Problem to solve:
Select and copy out every line in the records containing "print".

Dataset:
'''

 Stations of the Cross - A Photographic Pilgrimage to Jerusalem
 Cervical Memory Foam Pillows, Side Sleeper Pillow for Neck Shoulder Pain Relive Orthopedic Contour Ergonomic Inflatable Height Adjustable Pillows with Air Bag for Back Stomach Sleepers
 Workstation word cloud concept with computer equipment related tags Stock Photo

'''
'''

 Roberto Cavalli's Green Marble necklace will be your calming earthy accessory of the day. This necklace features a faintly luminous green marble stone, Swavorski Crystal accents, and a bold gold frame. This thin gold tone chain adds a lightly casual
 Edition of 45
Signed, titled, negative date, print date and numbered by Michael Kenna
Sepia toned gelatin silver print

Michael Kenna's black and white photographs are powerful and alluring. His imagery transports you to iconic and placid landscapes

'''
'''

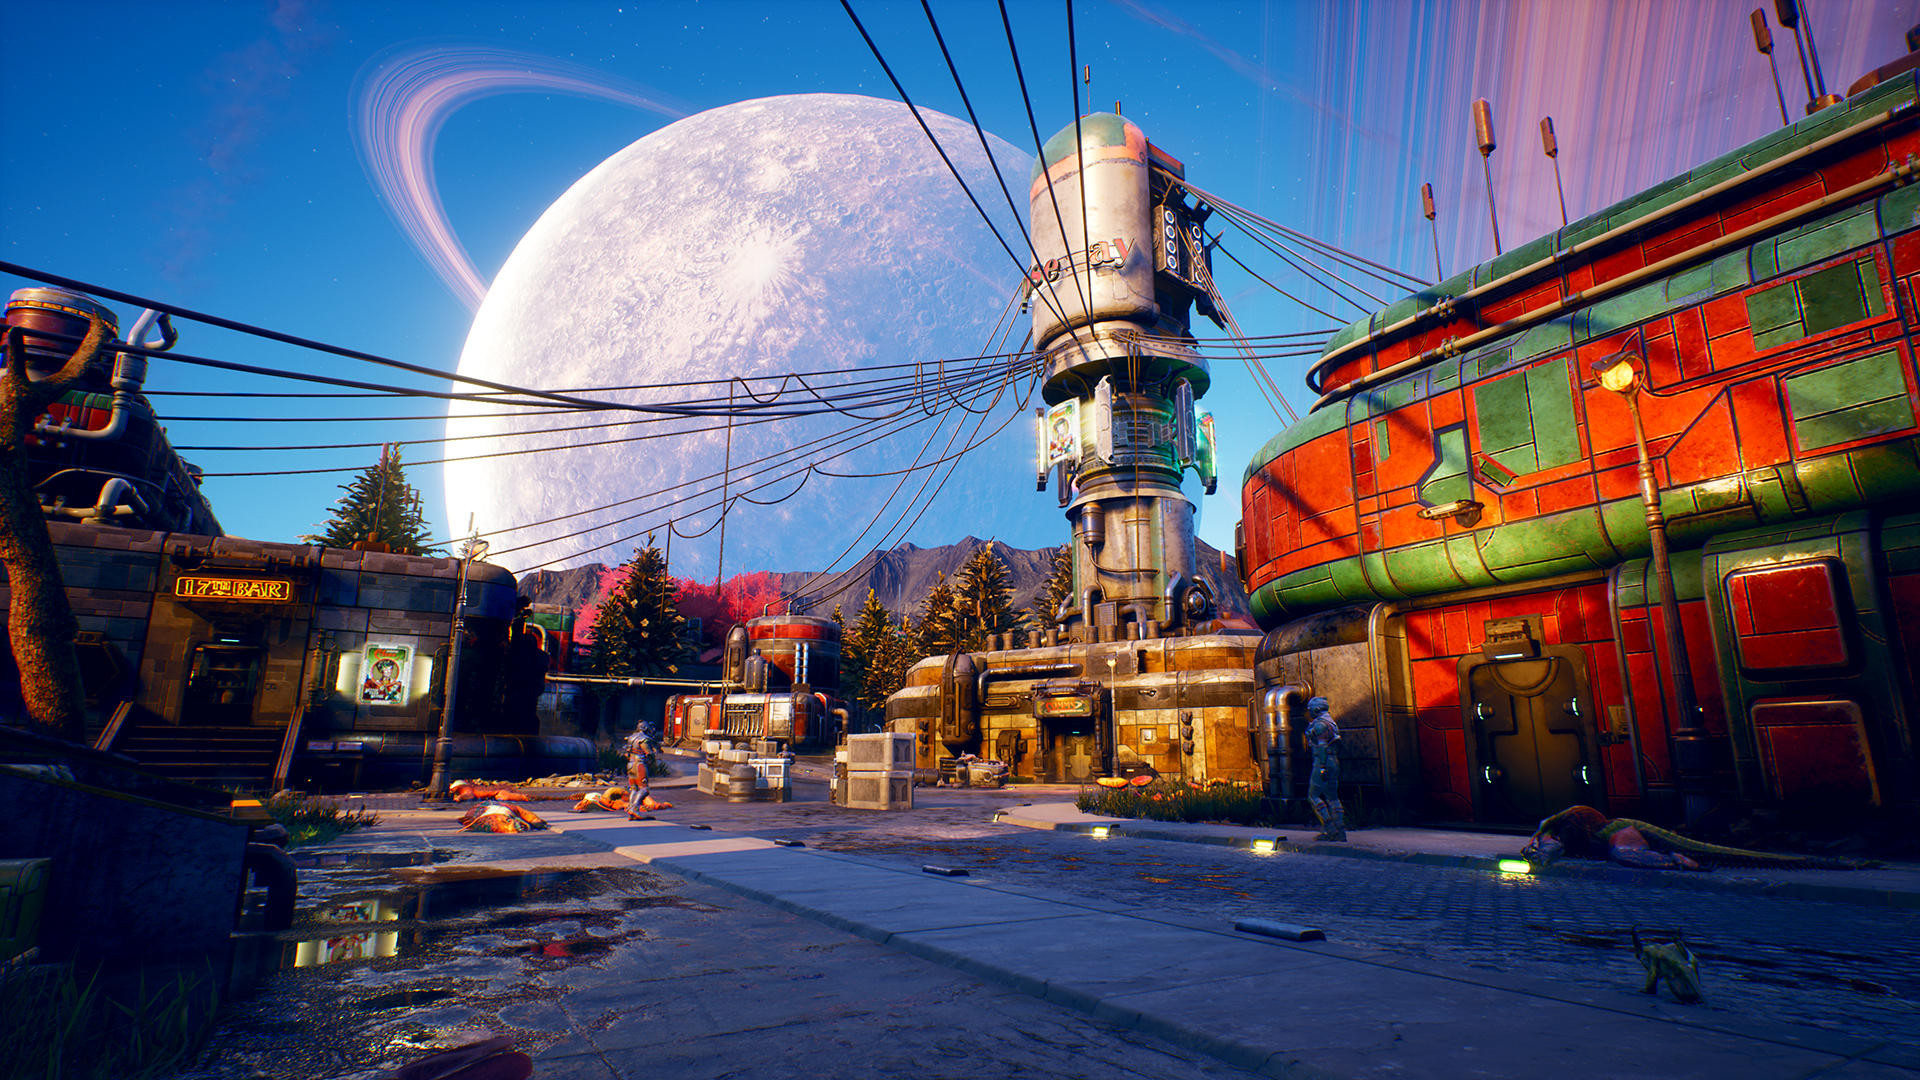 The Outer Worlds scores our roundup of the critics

'''

Result below:
Signed, titled, negative date, print date and numbered by Michael Kenna
Sepia toned gelatin silver print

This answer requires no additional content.